The cold shoulder, not just towards us.
Questions about data collected
Dr. Thomas Hladish is a University of Florida research scientist. He was hired by Florida’s Department of Health last spring to help forecast the virus using data. At one point, he said he asked about the state’s contact tracing data.
“At the time I was told the folks involved and responsible for the contact tracing program didn’t have time to talk to us about what they were doing because all of their resources were allocated to containment,” Hladish said.
He agrees with the Governor that contact tracing efforts didn’t successfully stop the virus from spreading. But he still believes in the practice of contact tracing if it’s done properly and thoroughly, which in Florida remains questionable.
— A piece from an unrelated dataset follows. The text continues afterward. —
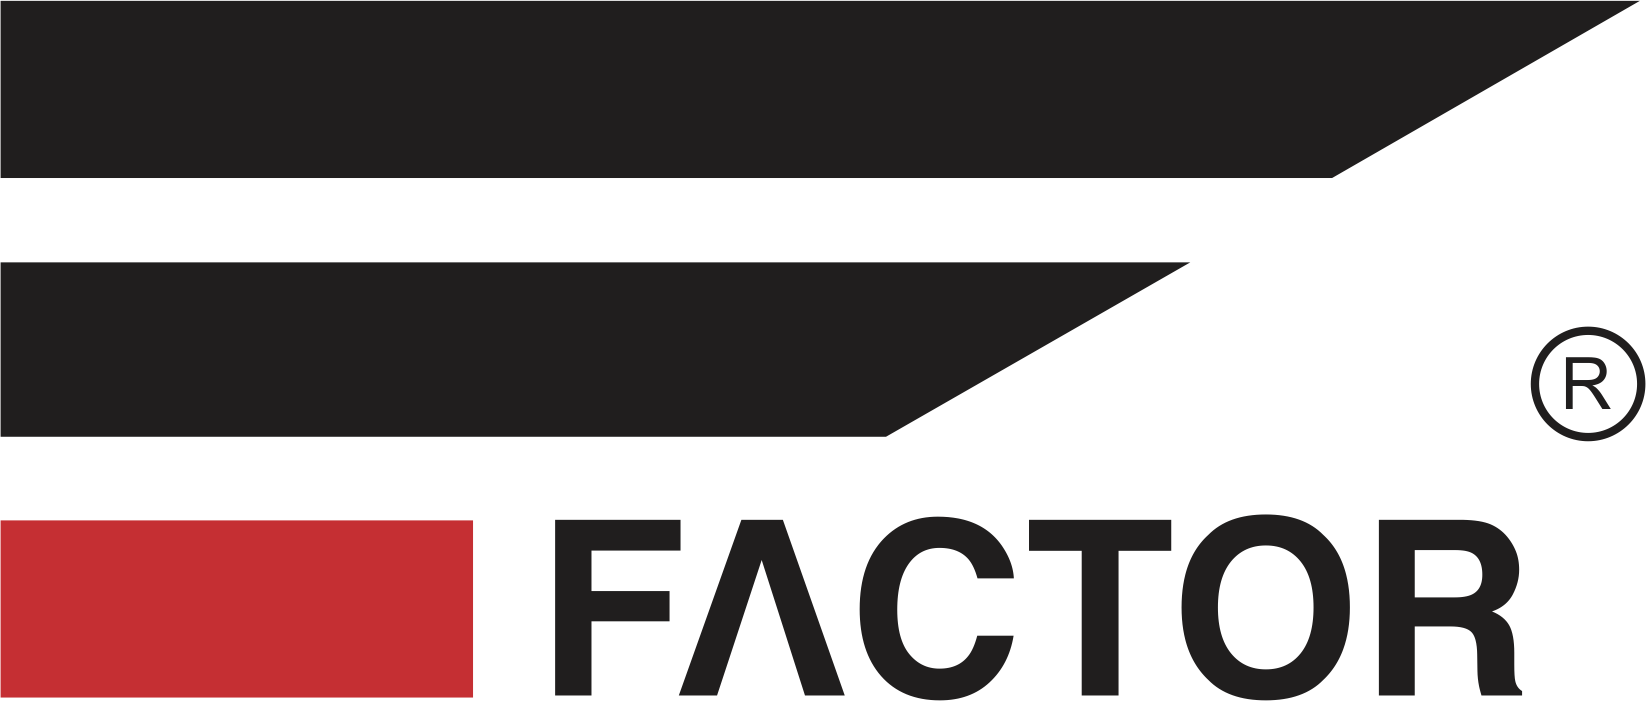 Factor Company logo

Former contact tracer Dalton Price worked for the health department in Volusia County for 4 months last year. By summer, he said, the caseload of people to call was overwhelming.
“When the surge happened in Florida, It was very clear that we [Florida] were not prepared. We were so behind that people, by the time we reached out to them, had already been done with their 10-day or 14-day quarantine,” he said.
Price also explained that to speed up the contact tracing process, the state reduced its 4-page contact tracing questionnaire down to two.
“Success was how quickly we could put this basic information into the system,” he said.
Price also said about 20% of the people he contacted did not want to cooperate with tracing.
This might help why the state has been less than transparent in releasing its contact tracing data.
Still, Price takes issue with the Governor’s conclusions about the program.
“I think, overall, it was successful,” some say
Price believes the program has been a success.
“I don’t agree with DeSantis. I would say the shortcomings, the holes and gaps were largely brought upon by his administration’s response in Florida, which largely denounced the pandemic and infused distrust in the public health response we saw,” said Price.
“I think what the Governor was saying was a blanket statement that was a bit misleading,” said University of South Florida public health expert Dr. Marissa Levine.
Levine wasn’t involved in the state’s contact tracing program but believes contact tracing helped keep the state open, especially at schools.
“Contact tracing helped us see that cases related to school children did not come from the schools themselves, they came from the community,” she said.
Everyone agrees the state started tracing too late, it took too long for it to expands its contact tracing program, and what exactly the state’s data shows remains a big unknown a year and tens of millions of contact tracing dollars later.
Meantime, the state’s contact tracing program continues.